DIRECTIONS
What you return must be the data below, word for word, without any images.

STORED DATA
◇ ◇ ◇
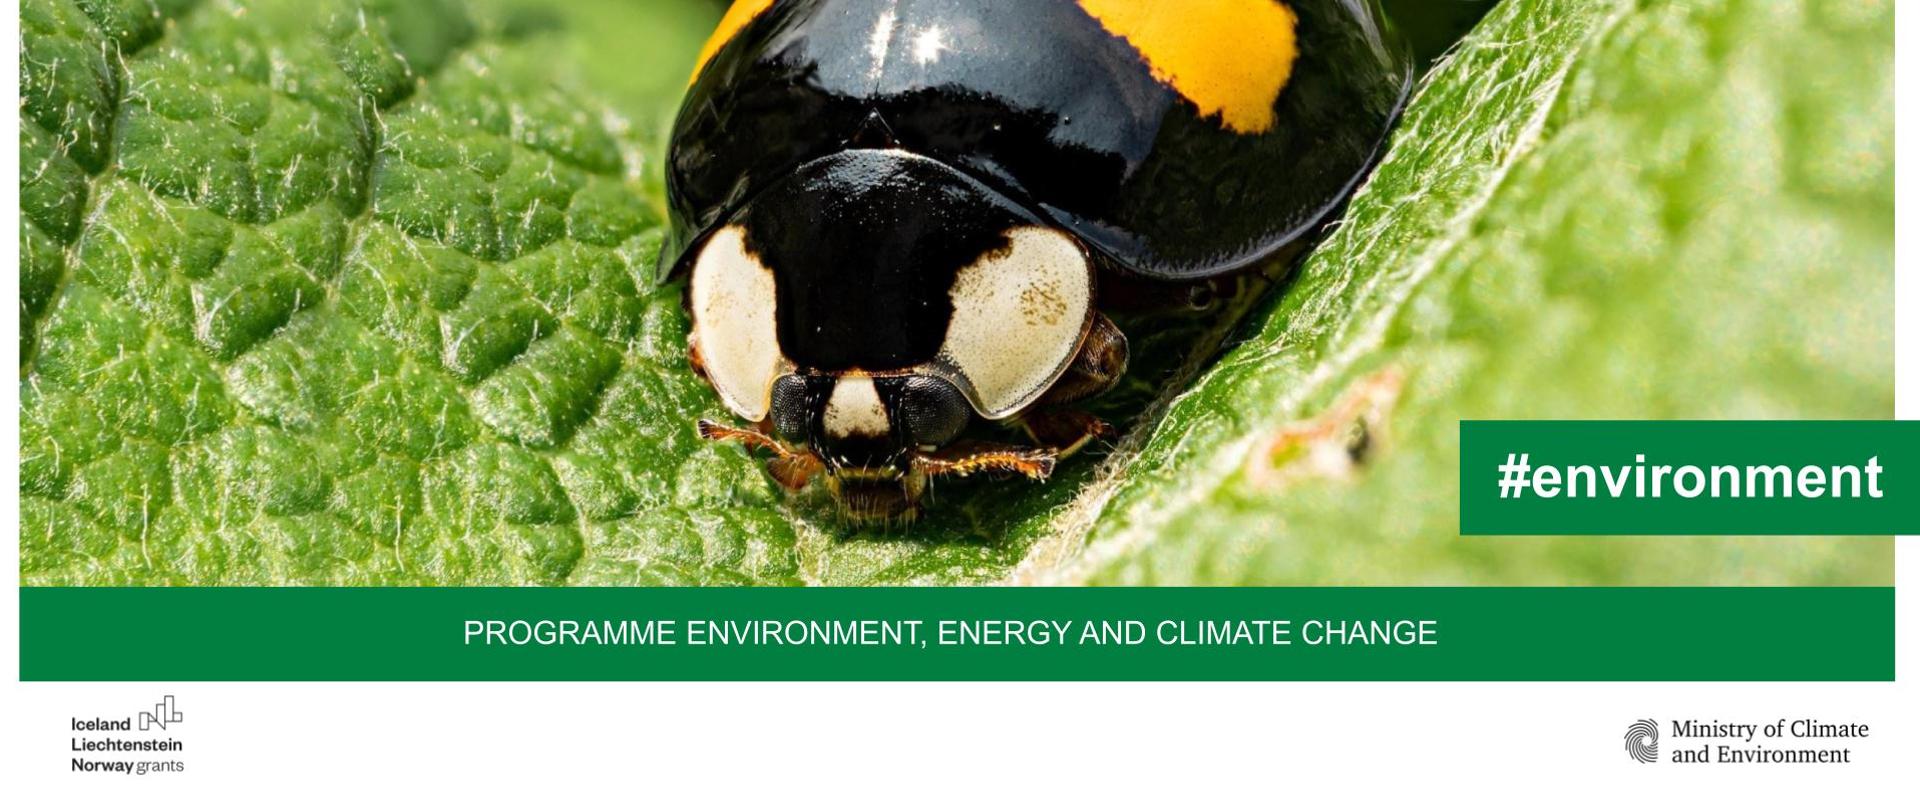 Environment Energy and Climate Change Programme #environment alien spacies
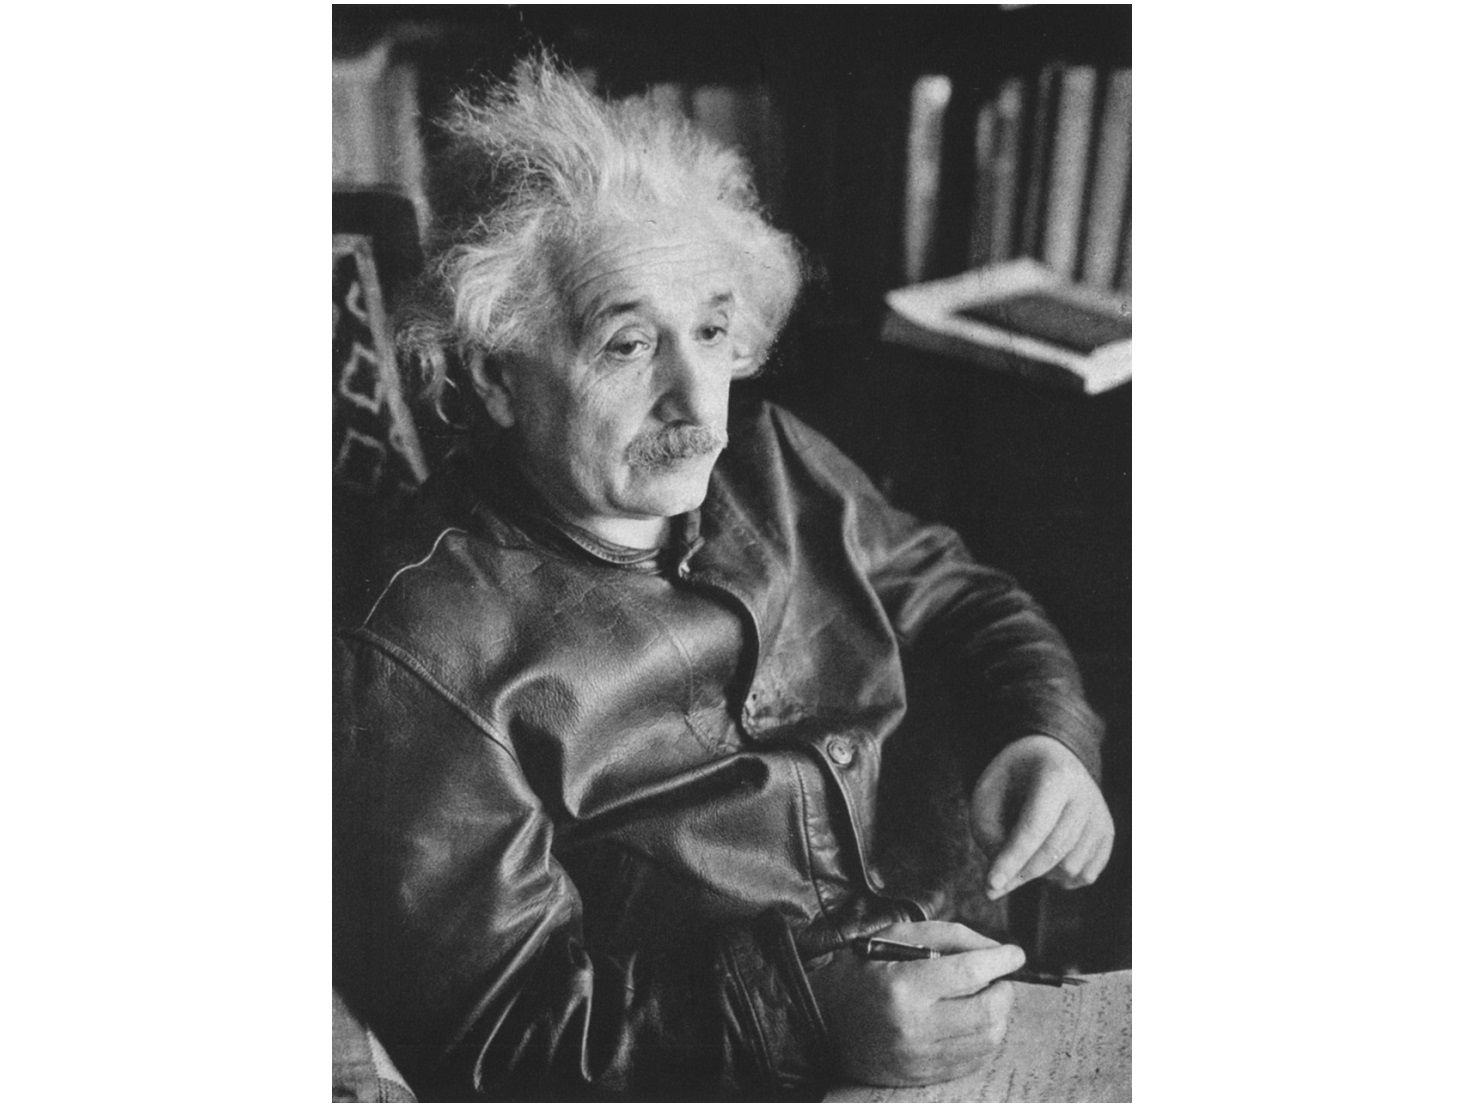 Here's how to have the Levi's jacket by Albert Einstein
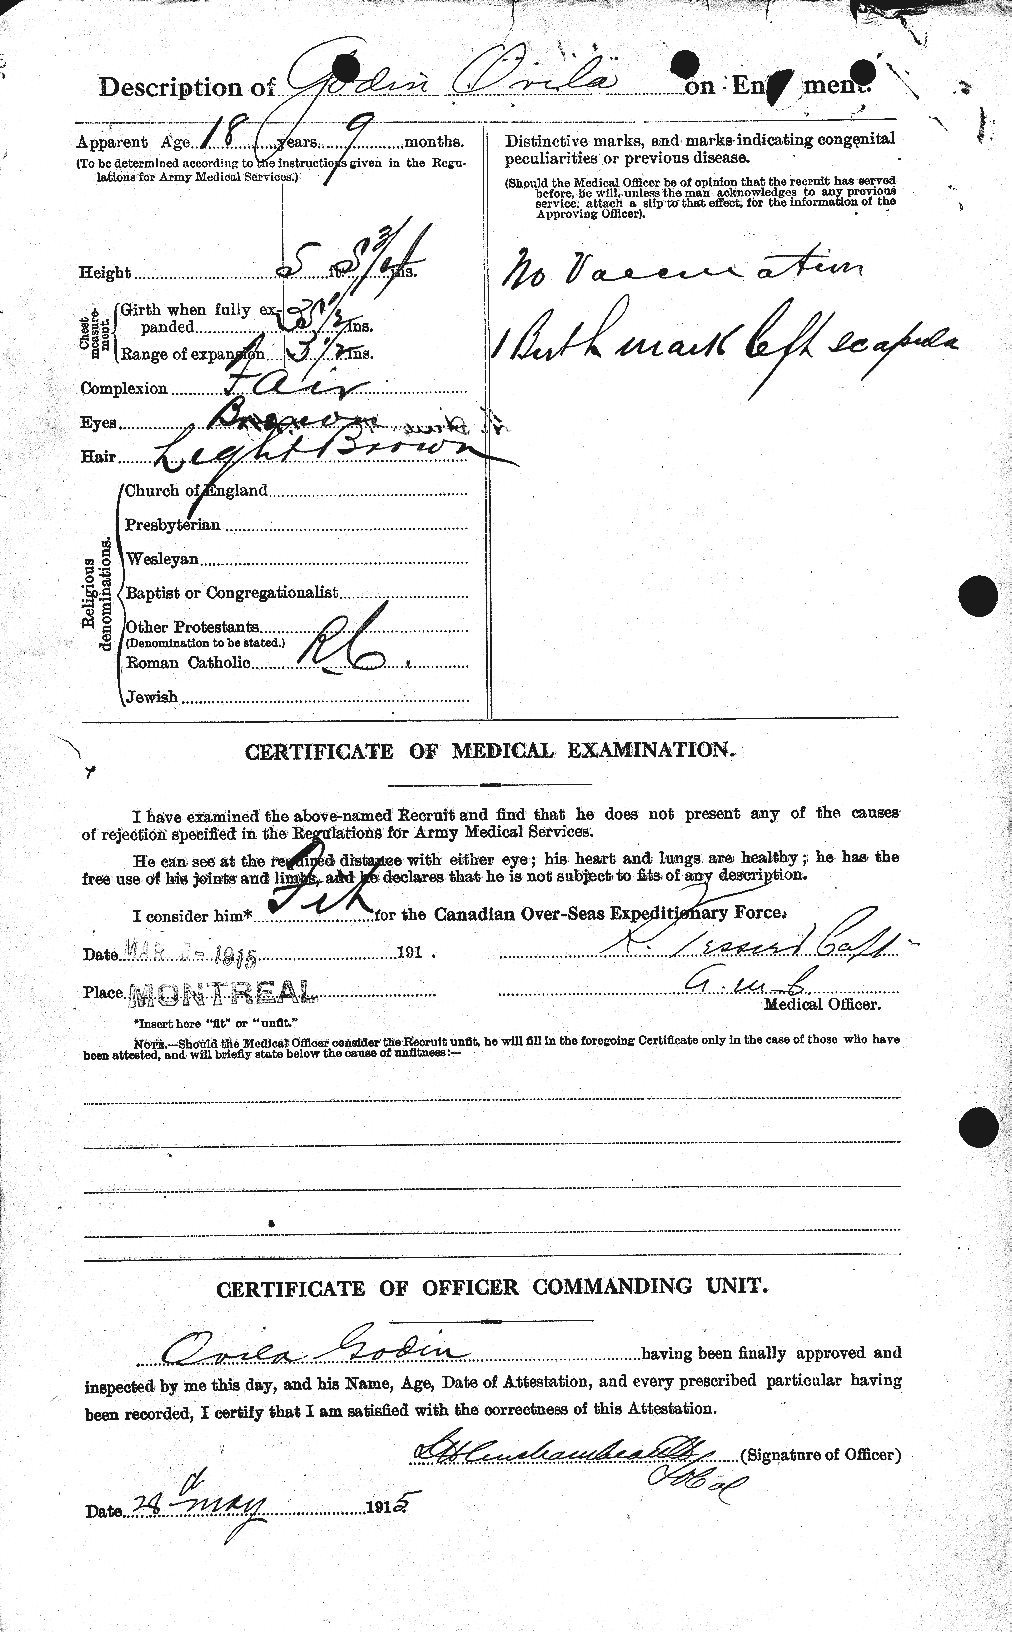 Personnel Records of the First World War - CEF 354562b
◇ ◇ ◇
RESULT
 Environment Energy and Climate Change Programme #environment alien spacies
 Here's how to have the Levi's jacket by Albert Einstein
 Personnel Records of the First World War - CEF 354562b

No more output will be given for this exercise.